| PROVIDED MATERIAL |
BEGIN

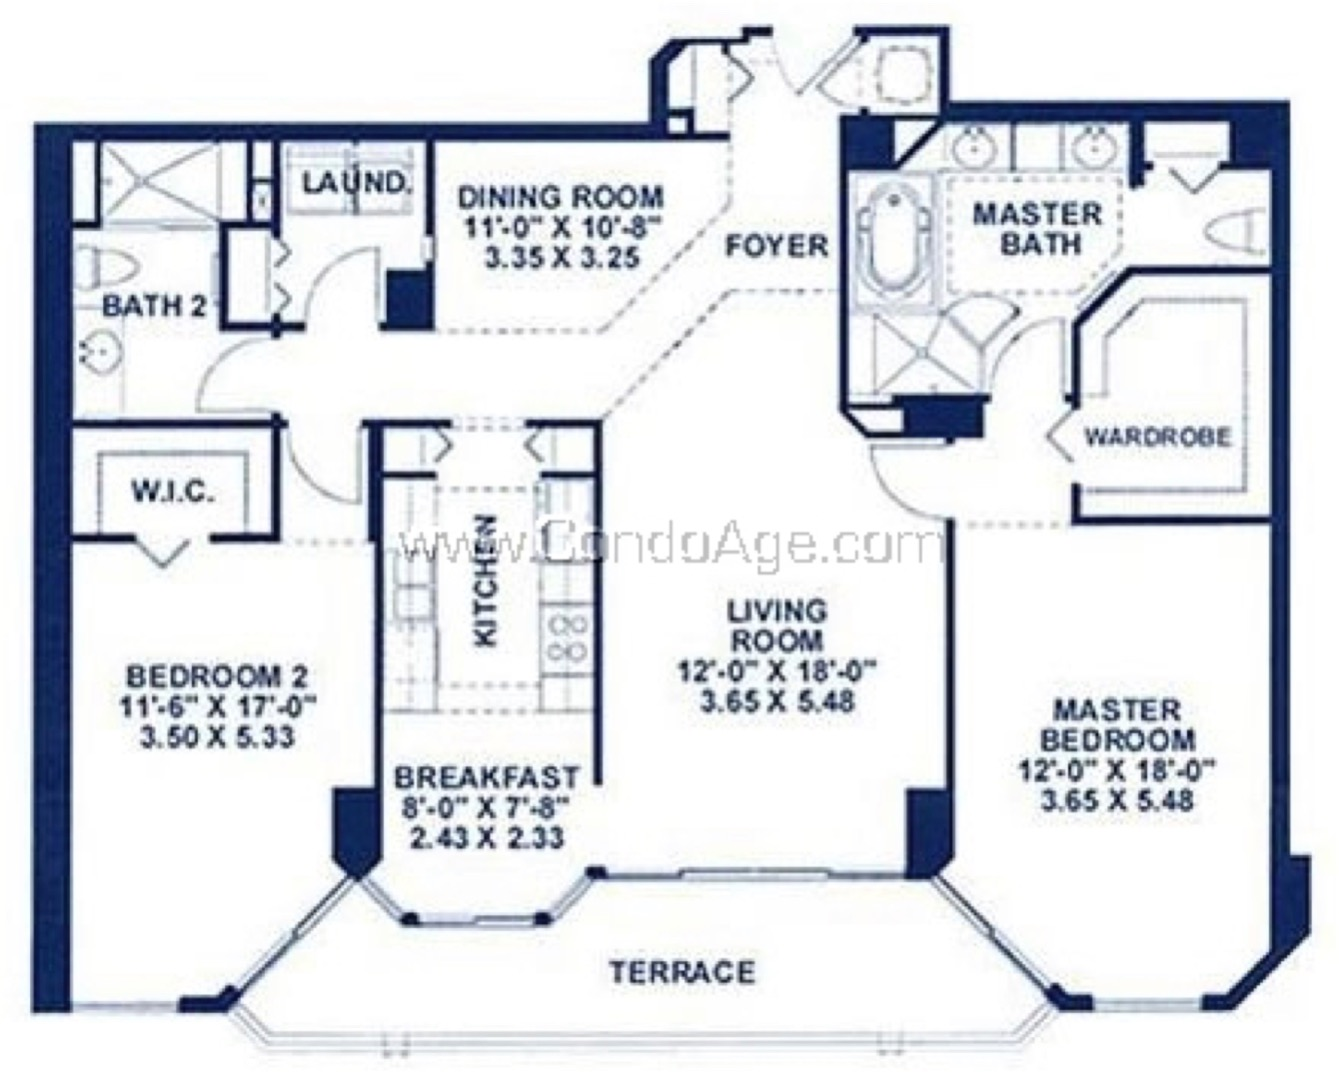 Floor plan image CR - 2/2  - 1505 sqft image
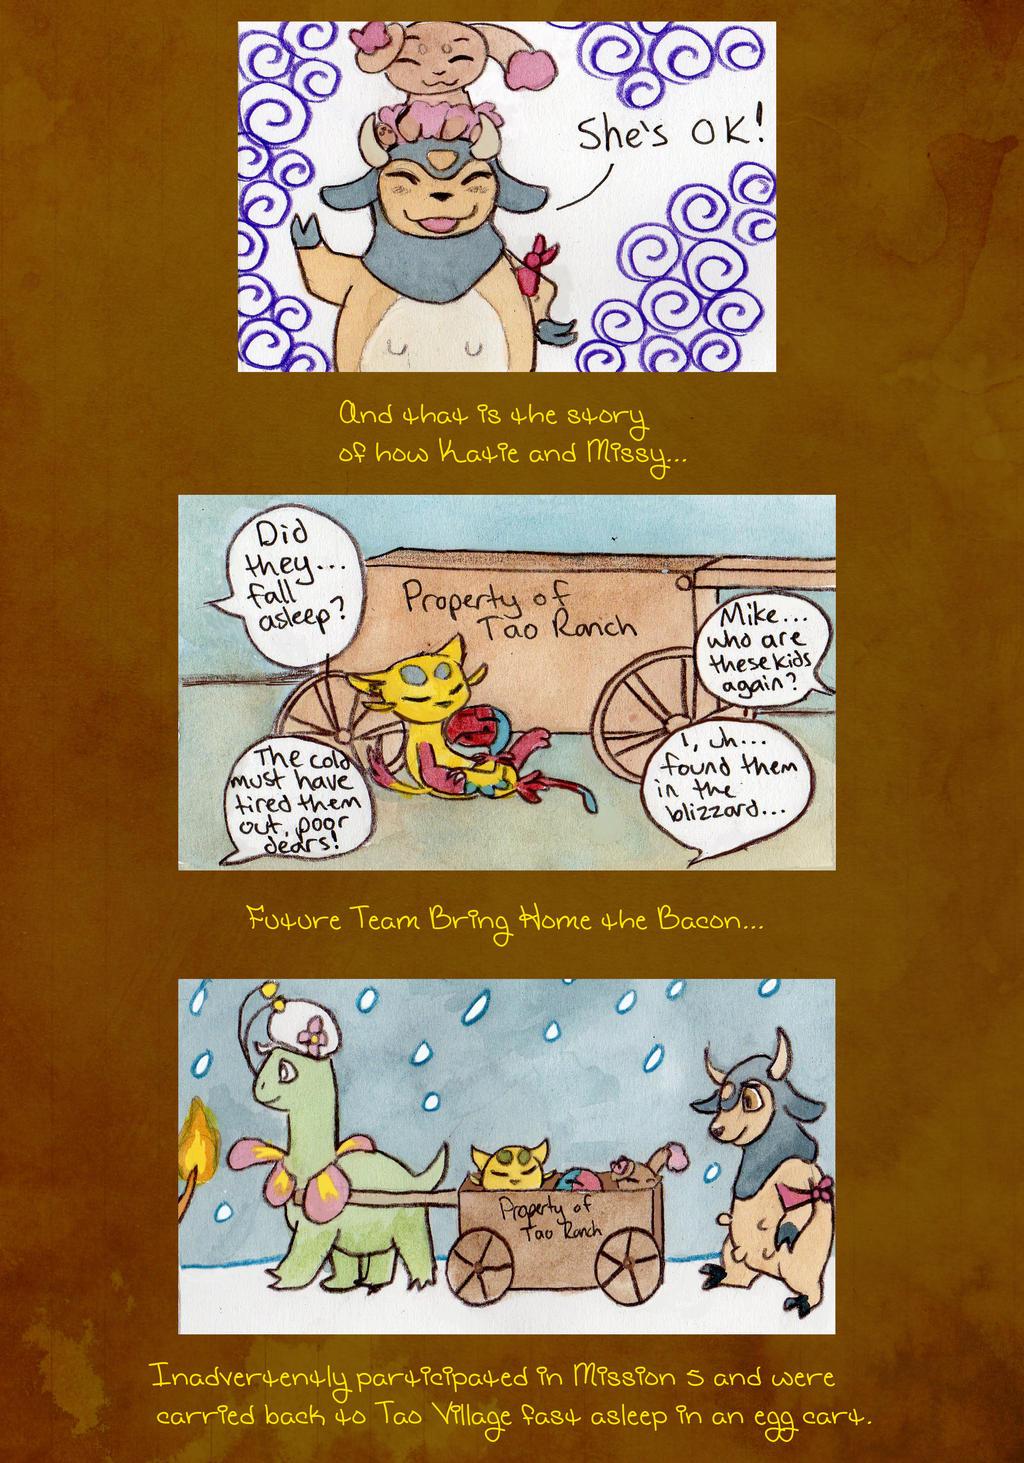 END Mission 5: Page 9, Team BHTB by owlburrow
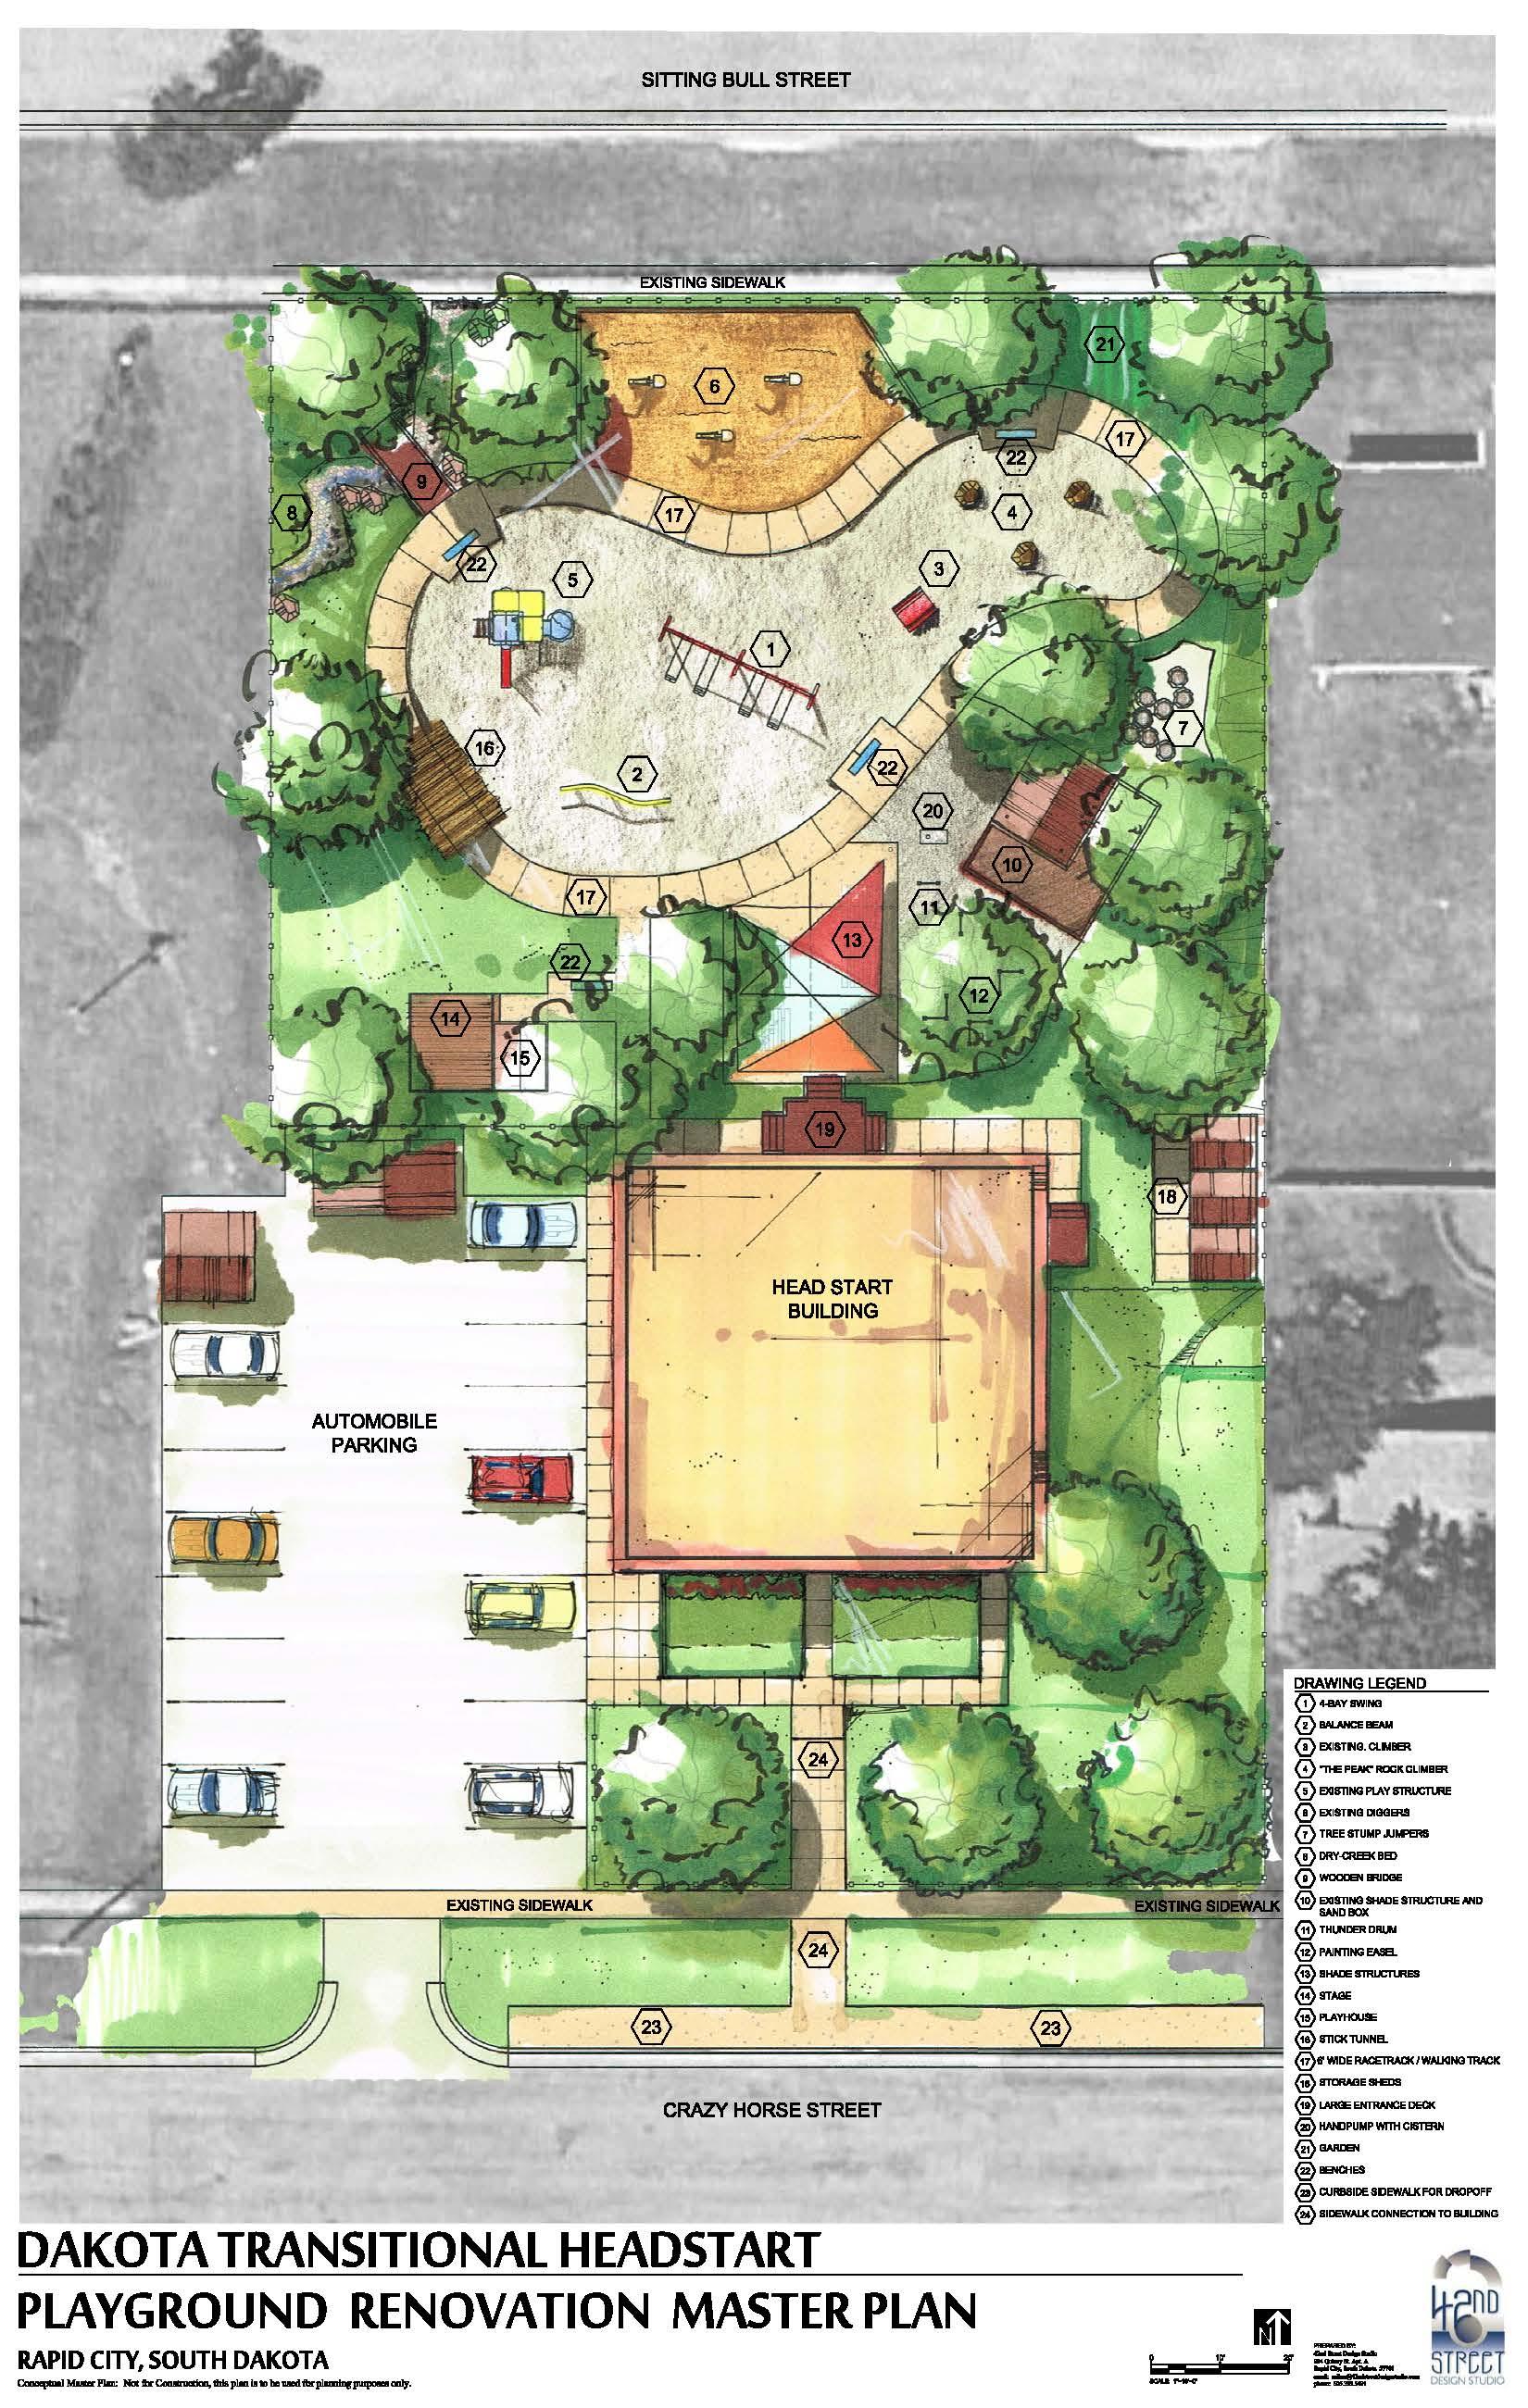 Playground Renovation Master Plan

END

| WHAT TO PRODUCE |
Repeat the lines above exactly, and keep every picture out.

| SOLUTION TO THE EXERCISE |
 Floor plan image CR - 2/2  - 1505 sqft image
 END Mission 5: Page 9, Team BHTB by owlburrow
 Playground Renovation Master Plan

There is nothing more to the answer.